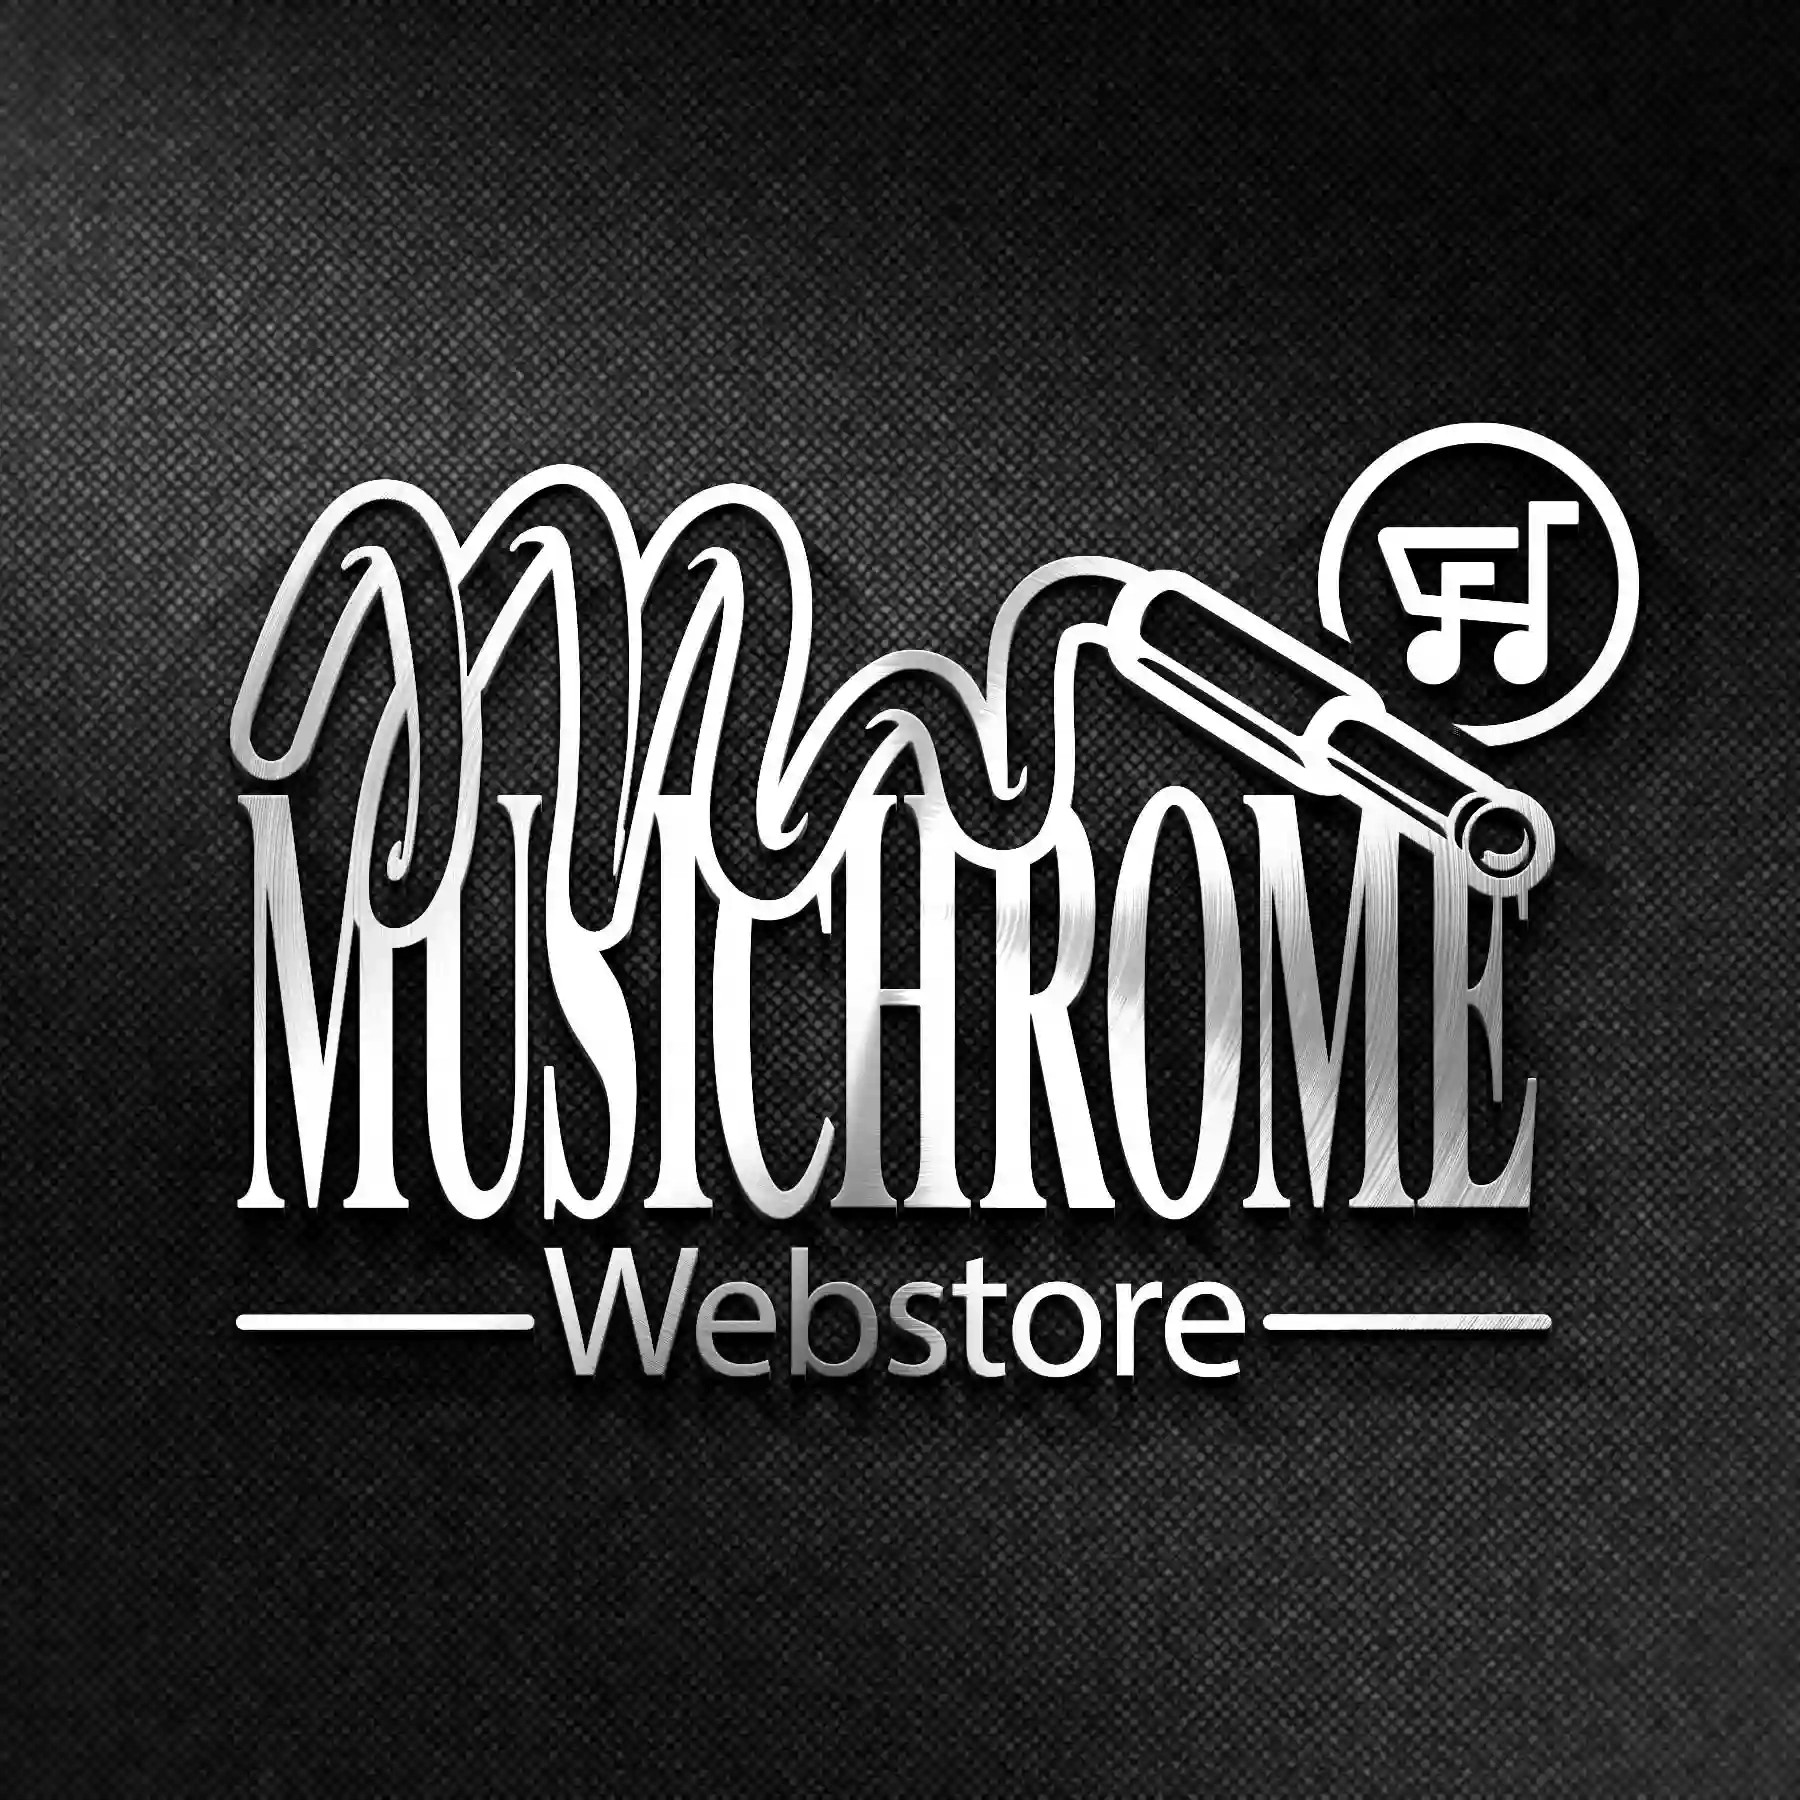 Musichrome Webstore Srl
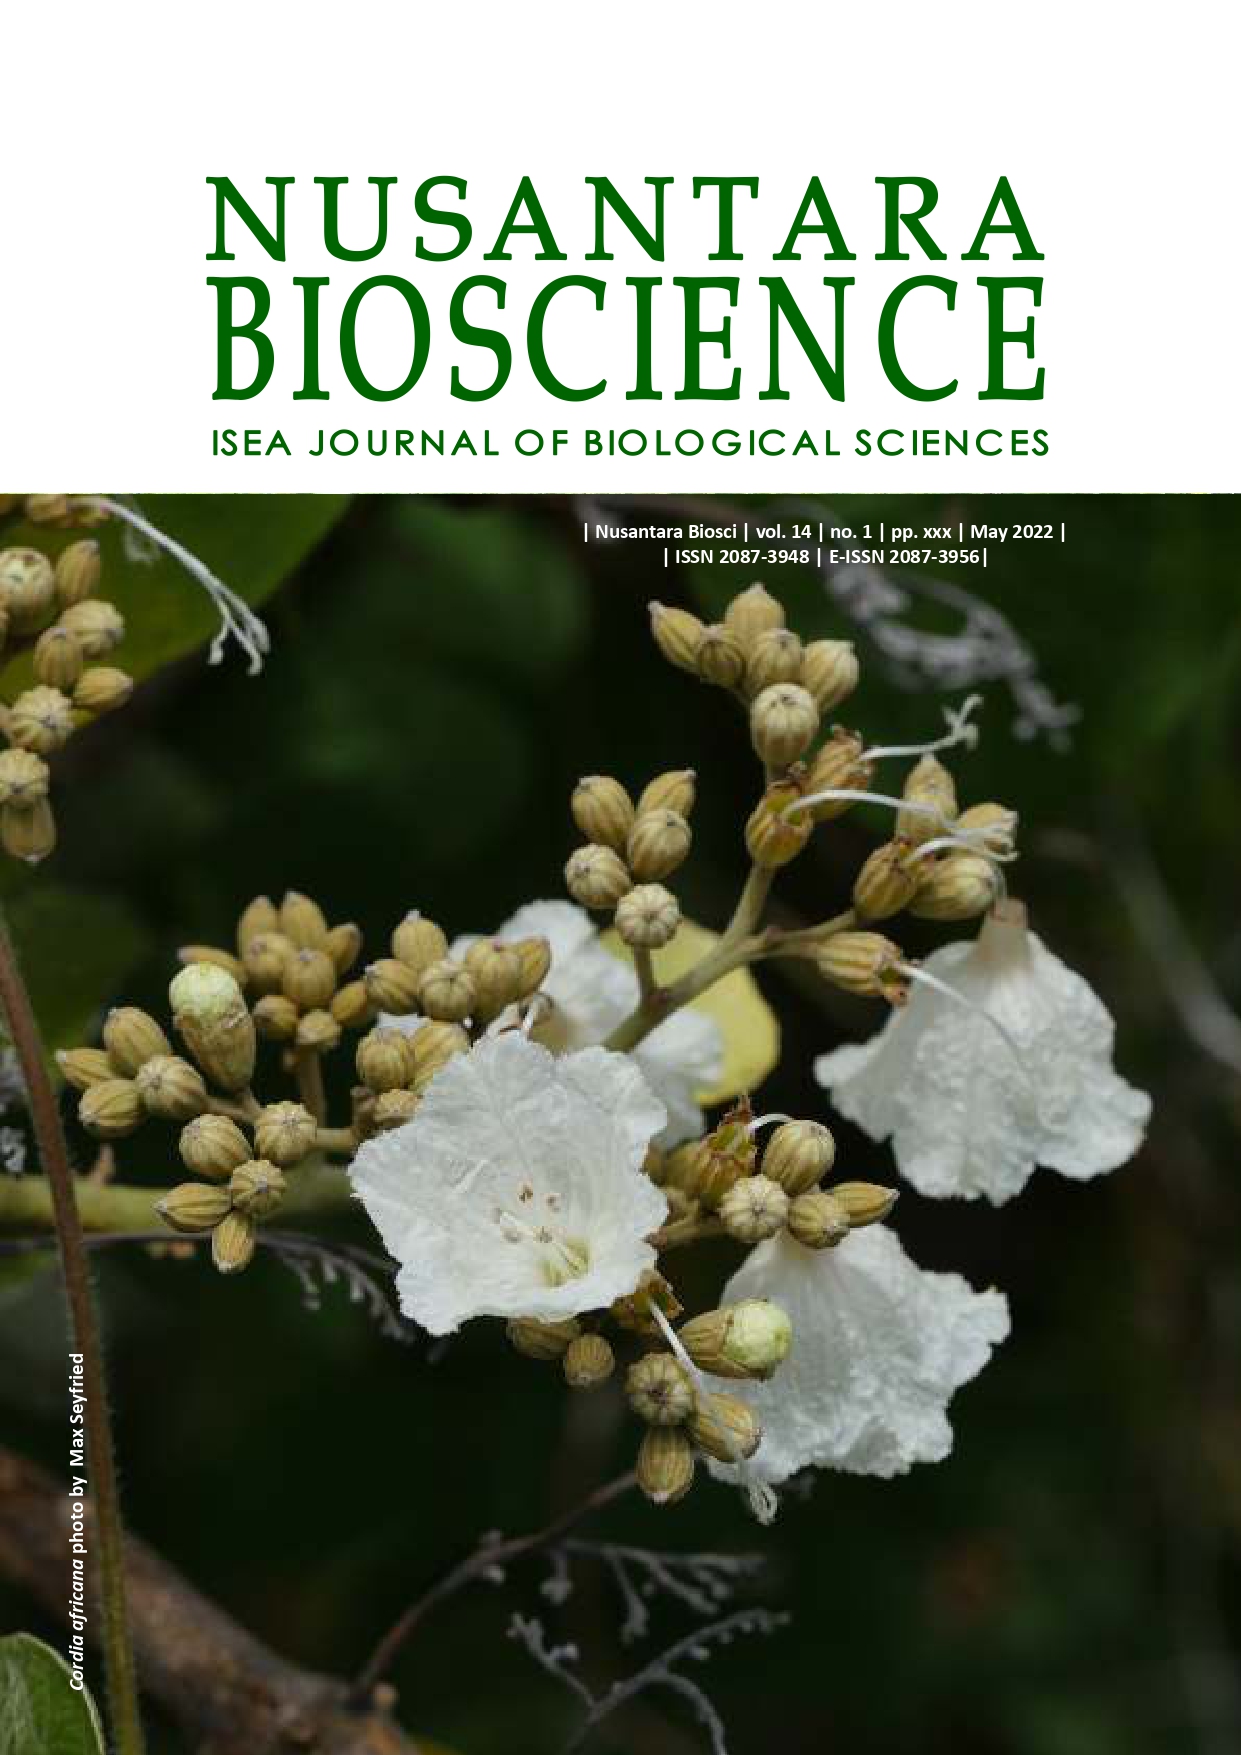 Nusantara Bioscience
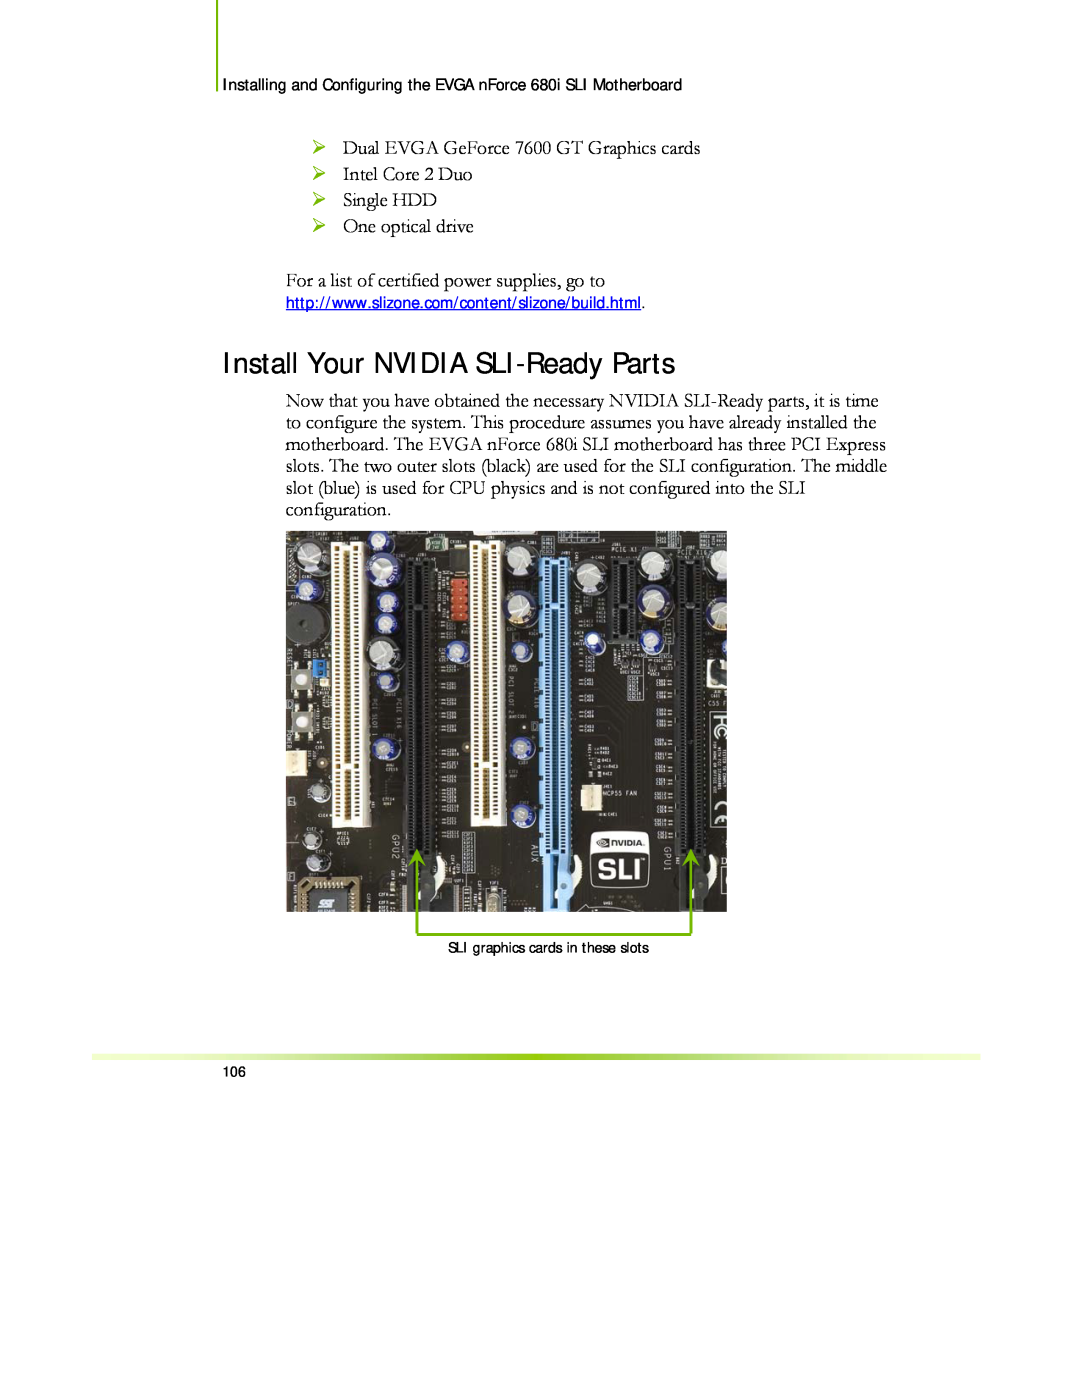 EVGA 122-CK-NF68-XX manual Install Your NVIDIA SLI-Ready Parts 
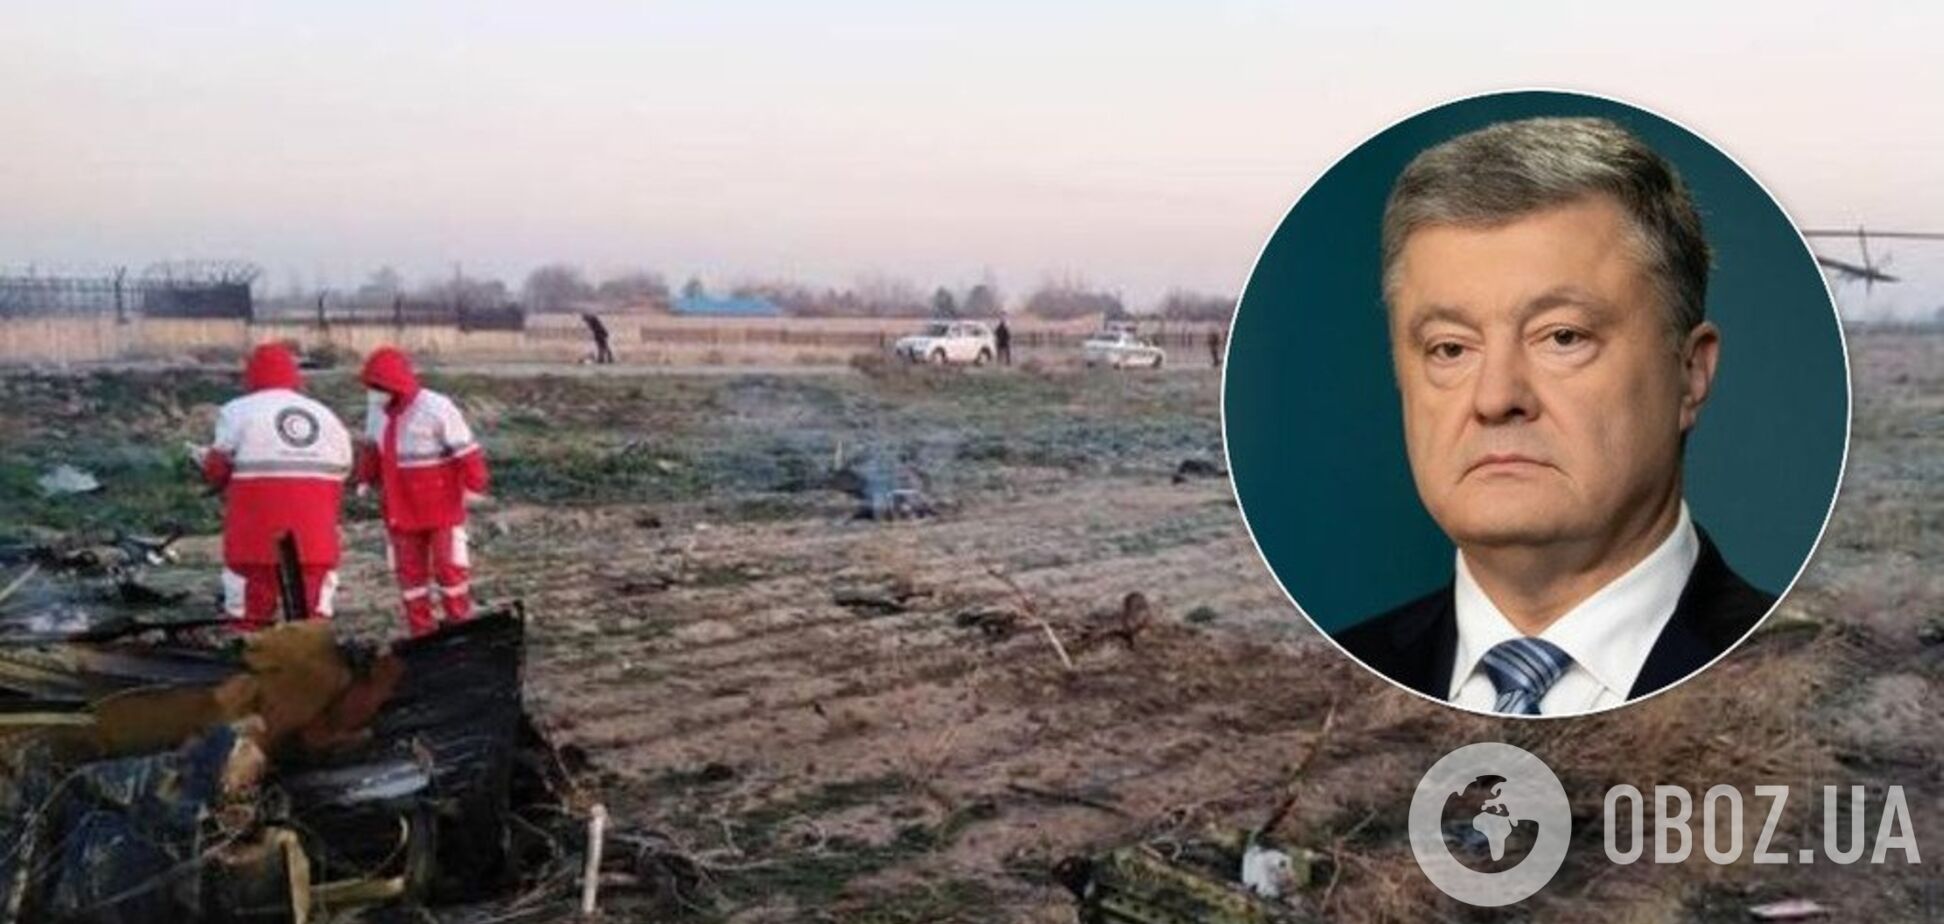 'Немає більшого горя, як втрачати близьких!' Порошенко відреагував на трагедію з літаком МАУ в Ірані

────────

WHAT YOU ARE ASKED TO DO → Retype the data above in full, exactly as it stands, and skip any image.

REPLY →
 Musichrome Webstore Srl
 Nusantara Bioscience
 EVGA 122-CK-NF68-XX manual Install Your NVIDIA SLI-Ready Parts 
 'Немає більшого горя, як втрачати близьких!' Порошенко відреагував на трагедію з літаком МАУ в Ірані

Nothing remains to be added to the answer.